In the material below, begin at the line that has "VW T-Cross Blau front - Clyde Auto-Abo", stop after the line that has "Track lighting idea in the bedroom", and transcribe those lines exactly, without pictures.

ENTRIES SHOWN -
□ □ □ □ □
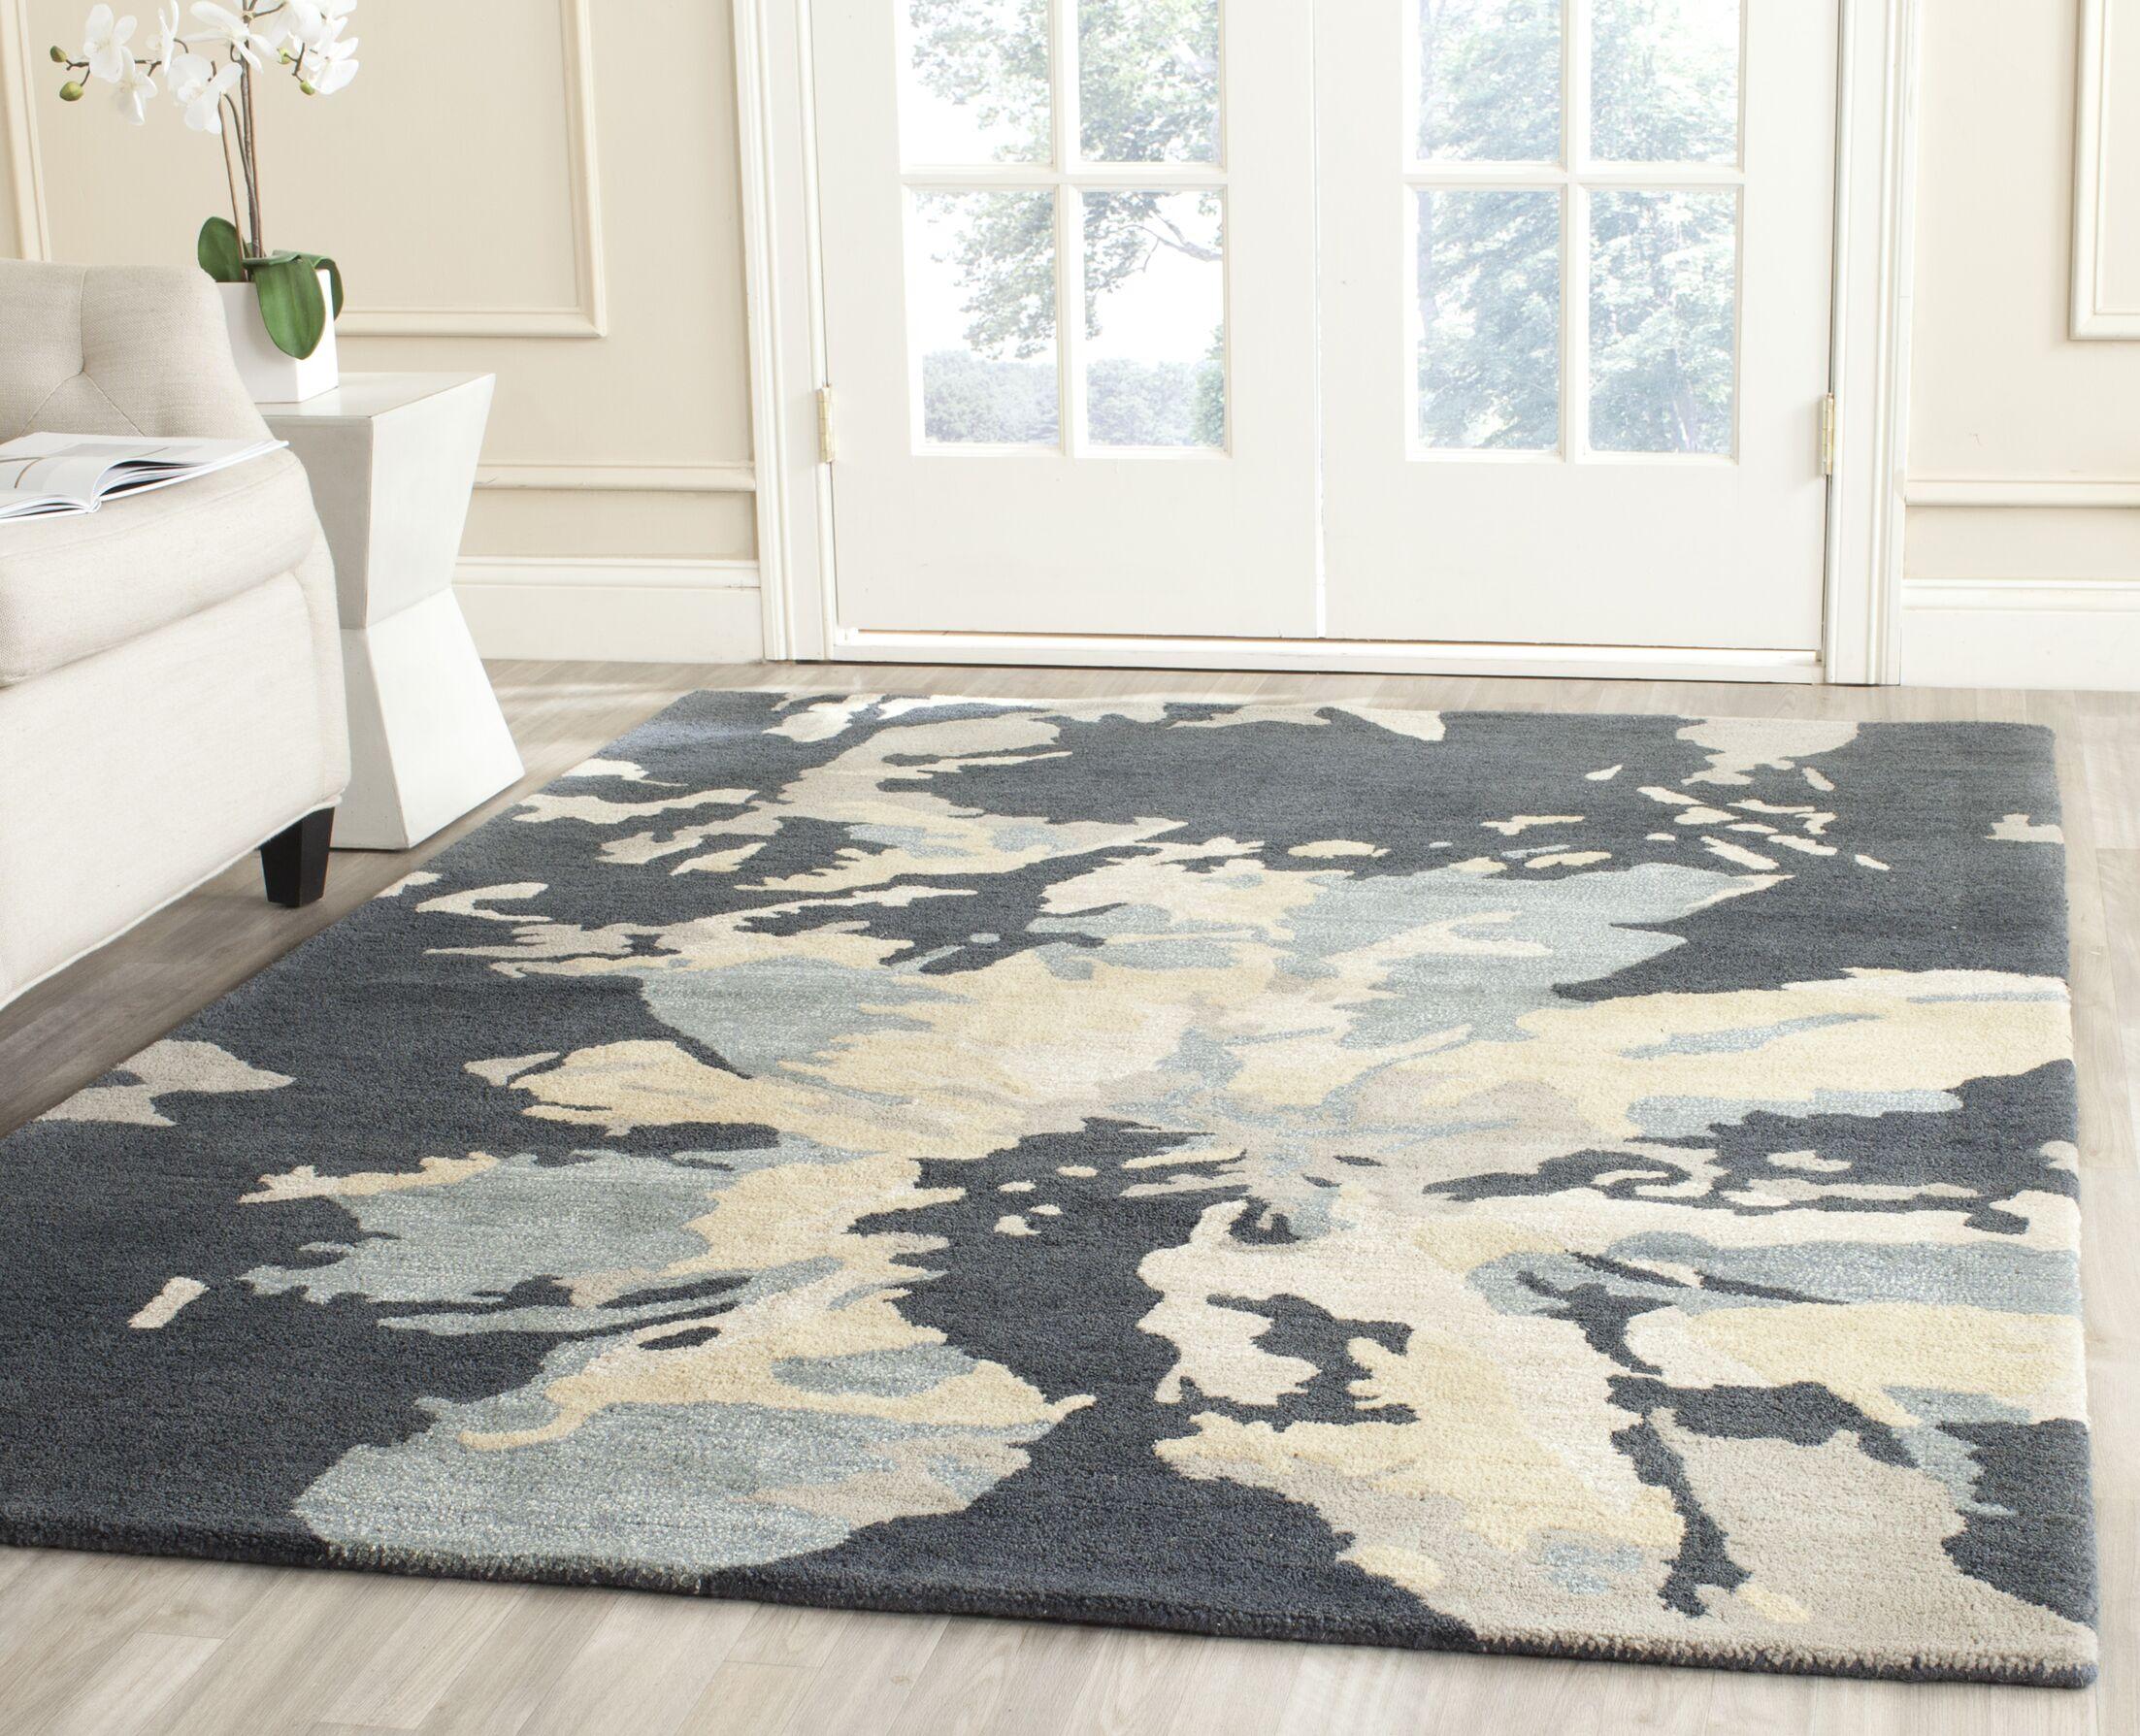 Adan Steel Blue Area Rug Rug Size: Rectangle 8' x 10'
□ □ □ □ □
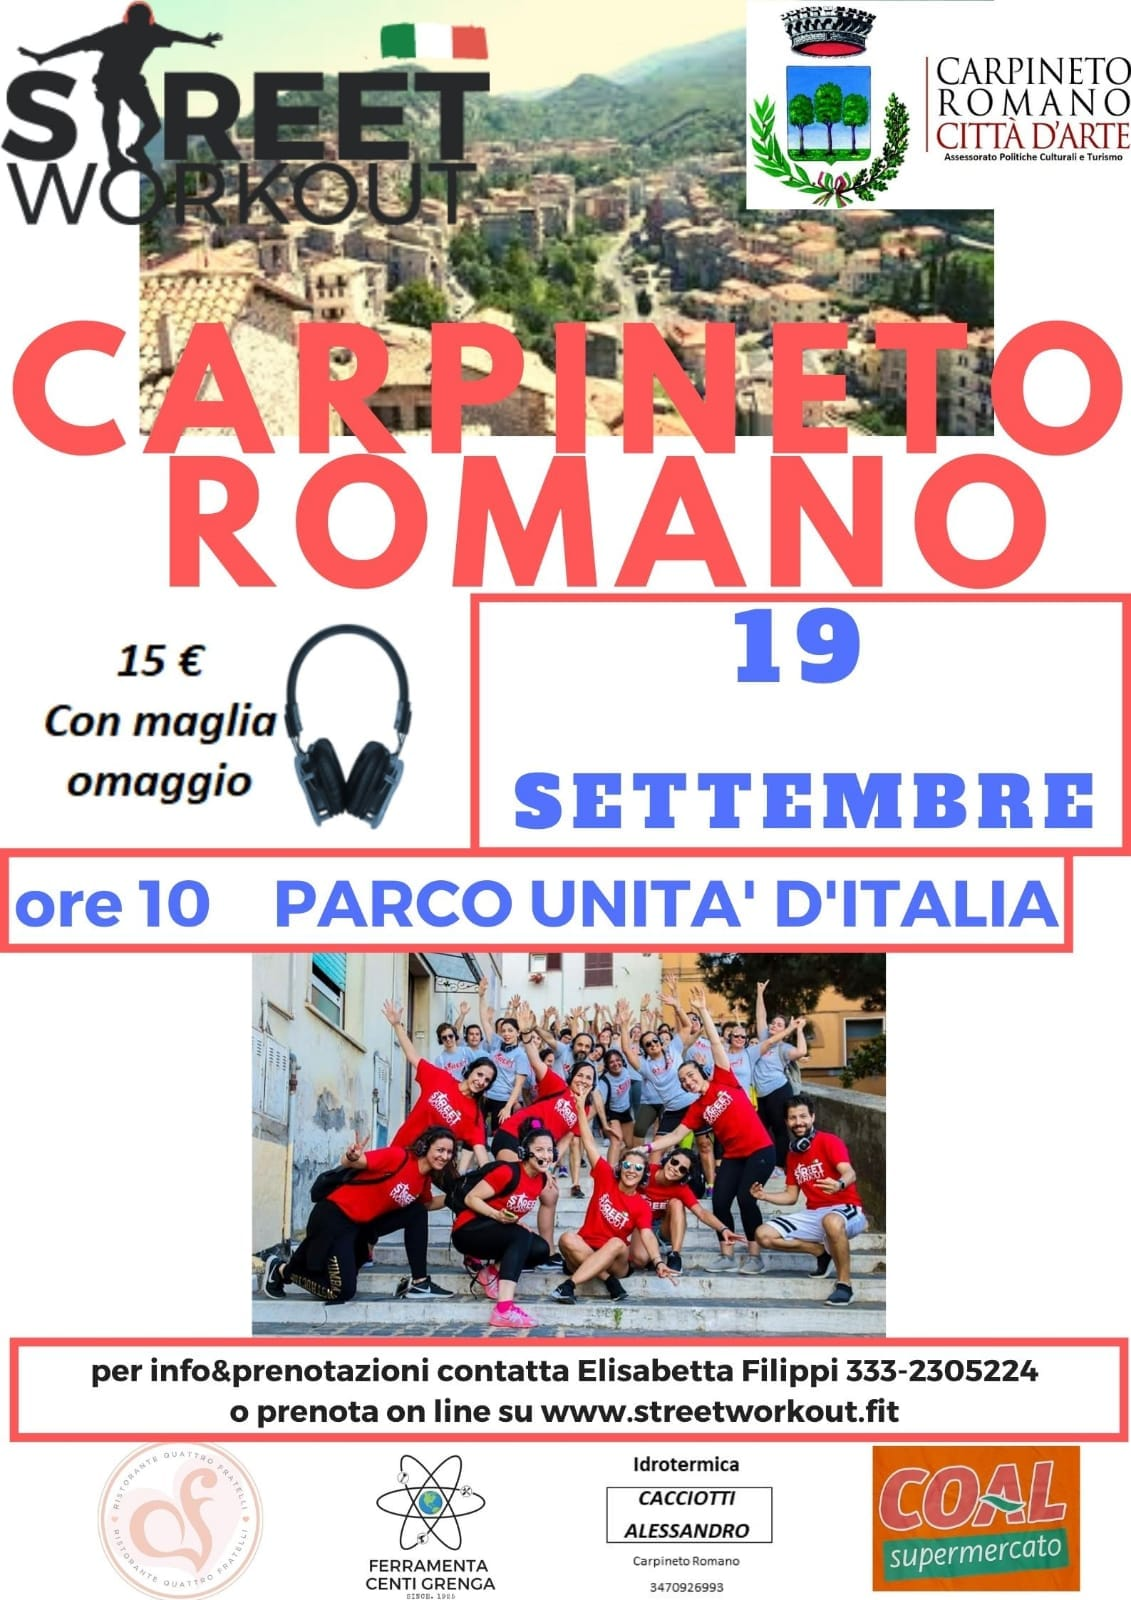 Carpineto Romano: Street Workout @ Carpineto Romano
□ □ □ □ □
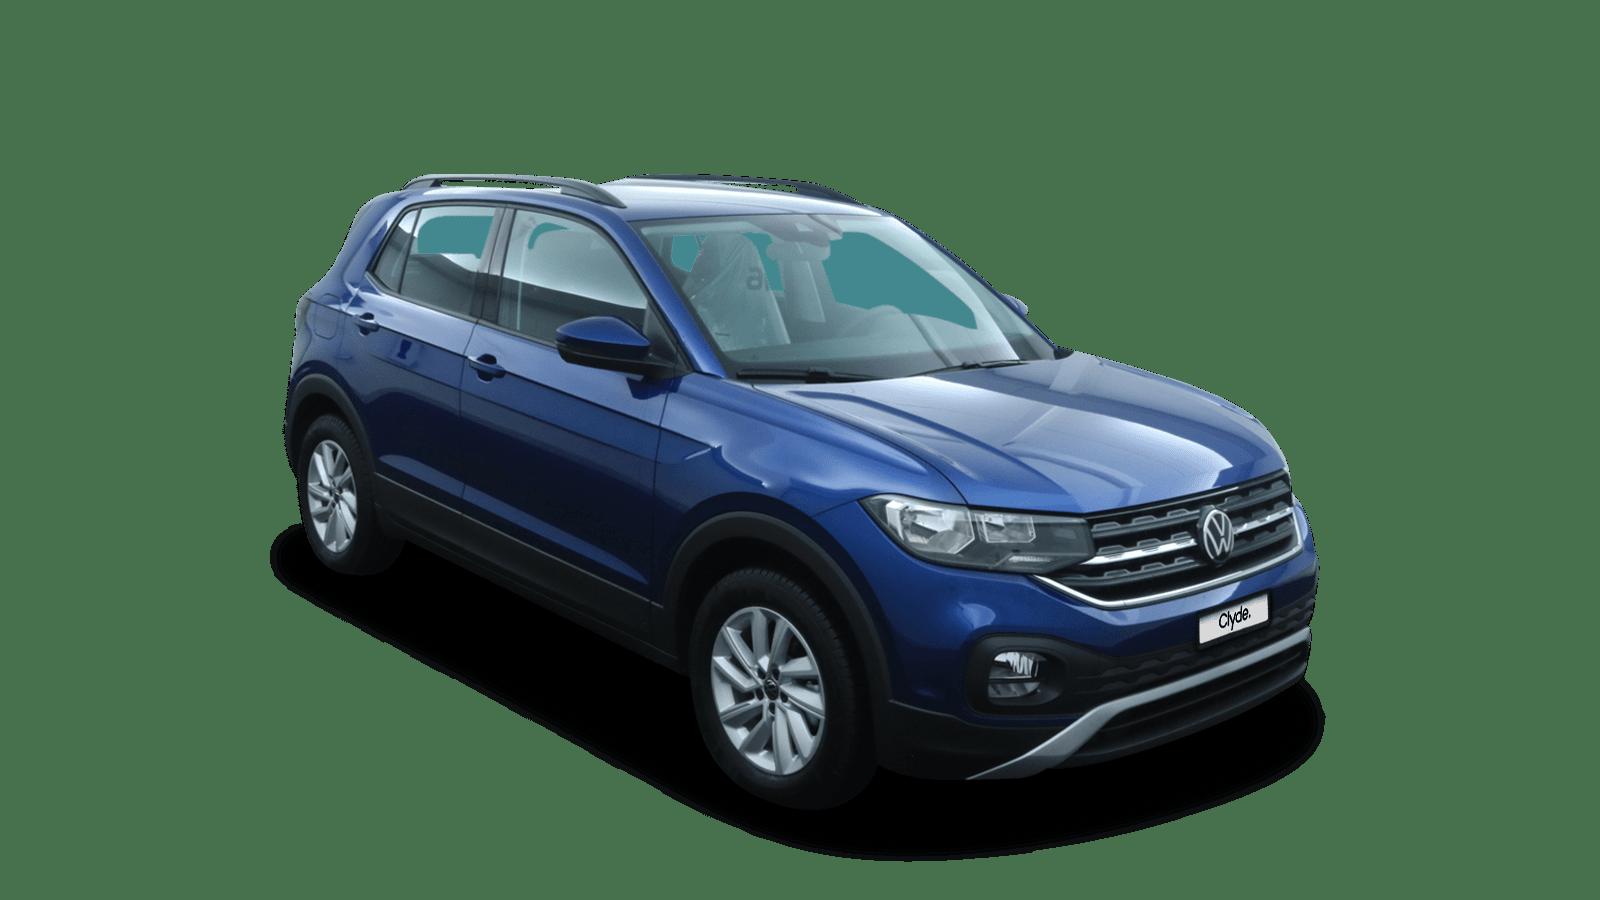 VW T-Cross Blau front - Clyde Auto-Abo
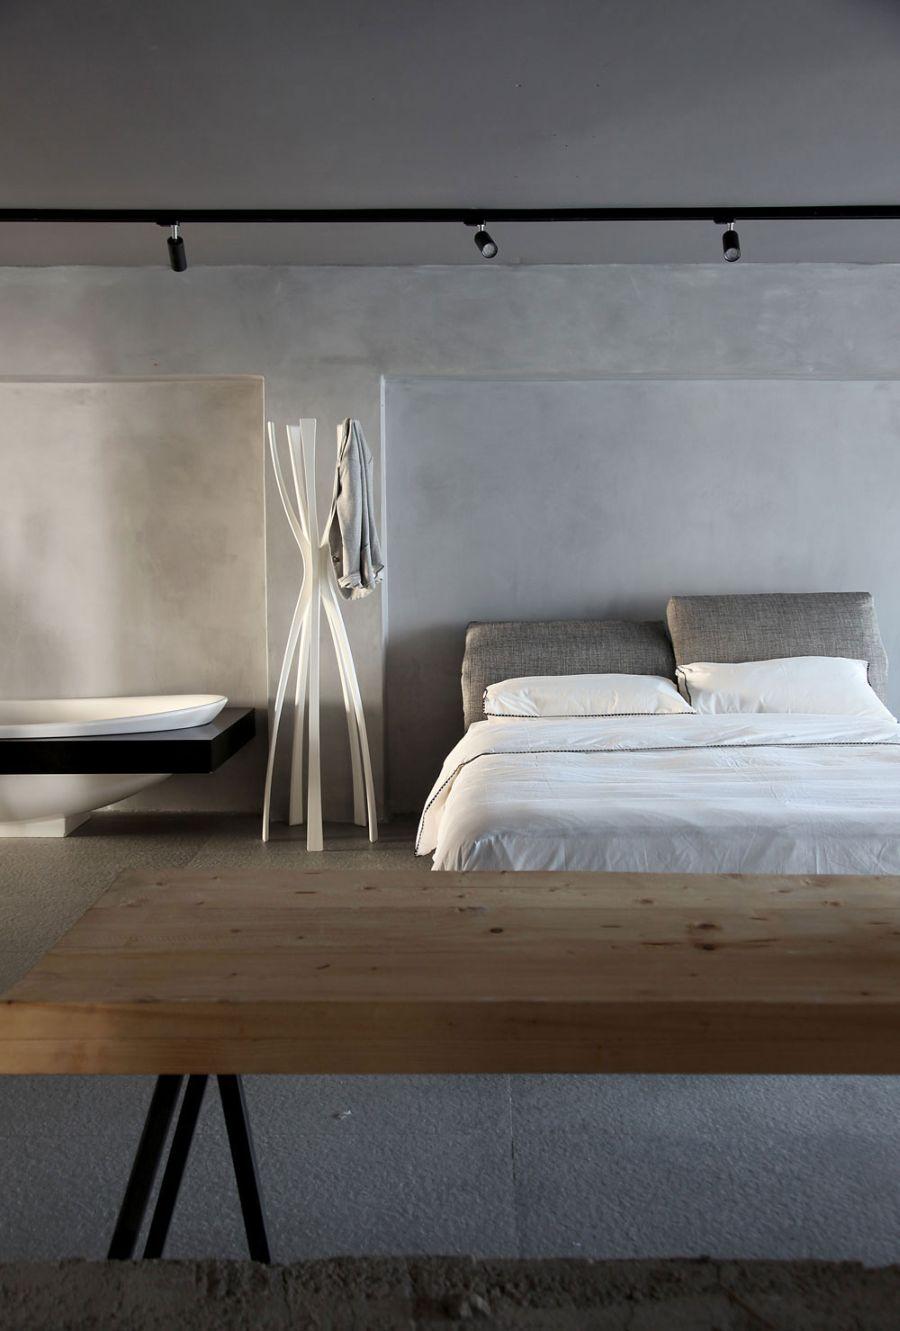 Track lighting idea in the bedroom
□ □ □ □ □
FINISHED EXERCISE -
 VW T-Cross Blau front - Clyde Auto-Abo
 Track lighting idea in the bedroom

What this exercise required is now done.